But the momentary interest in Jesse's face was fading
already, and he was hiding his face in his hands again.
"Hoo'll ha' seven hunderd paand if hoo hes a penny, an' tew
noice haases."
Jesse dolefully shook his head.
"An' hoo's a Christian, an' mak's rare Cumfrey wine."
Even this enticing medley of attractions did not move the
melancholy man, but his eyes, she could see, were blinking rapidly.
"Tha's nowt to dew bud walk i'th haase an' hang thi hat up—Aw
know."
He had not yet got over the unheard-of fact that his mother
of all persons was proposing a wife to him; but just here another
and very different idea began to shape itself within him.
Milly was worse than worthless; that never-to-be forgotten kiss was
only another and baser sample of her duplicity and heartlessness.
To go away and marry another woman would stagger even her, and
anything was welcome that would give her the punishment she so
richly deserved, and so he raised his head a little and asked
dubiously, "Whoa arr yo' talkin' abaat, muther?"

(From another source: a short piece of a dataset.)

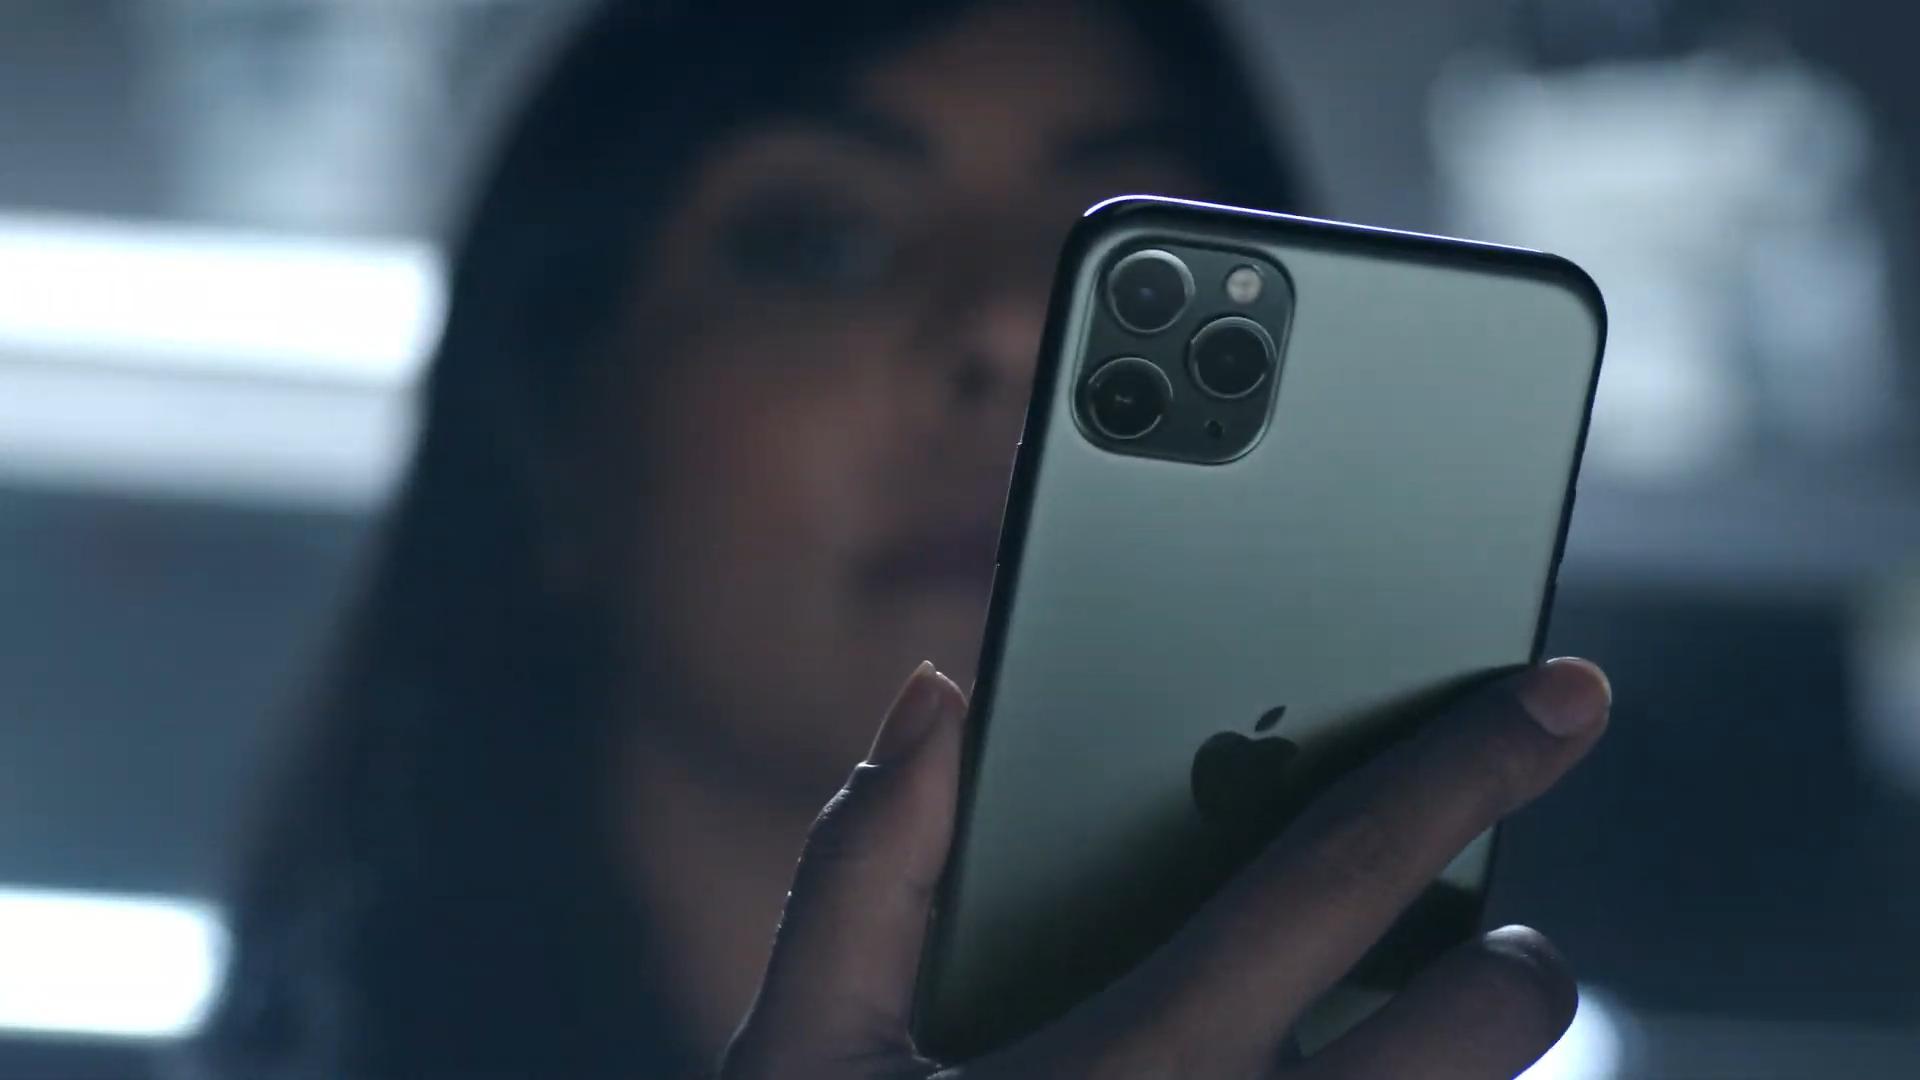 Iphone 11 Pro Max (1)

"Hoo'd jump at thi, fort chonce!"
"Whoa is it?"
Dropping her voice to a portentous whisper, and jerking her
thumb kitchenwards, she raised her eyes significantly and said, "Hoo's
i'th haase this varry minute."
"Whoa is it?"
"It's Emma Cunliffe—so theer!"
Jesse fell back in his chair and curled his lip disgustedly.
"Why, woman! hoo wodn't lewk at me; Aw'm a workin' mon."
Emma was the only daughter of the village butcher, who was
also a small stock farmer. Sweet-tempered and pretty, and
altogether such a catch that the very boldest of the village swains
had despaired of her, the popular opinion was that she would marry
some well-to-do outsider. Such persons had proposed to her
more than once, and it was concluded that she was looking higher.
Jesse was a modest man, and could only attribute this extraordinary
delusion of his mother's to her overweening pride in him. His
mother, however, was watching him narrowly, and at last she said,
"Jesse, yond wench 'ud dee for thi;" and then, as a shuffling sound
of feet came from the kitchen, she added with sudden eagerness, "Hoo's
goin'! Goo tak' her whoam an' mak' it up!"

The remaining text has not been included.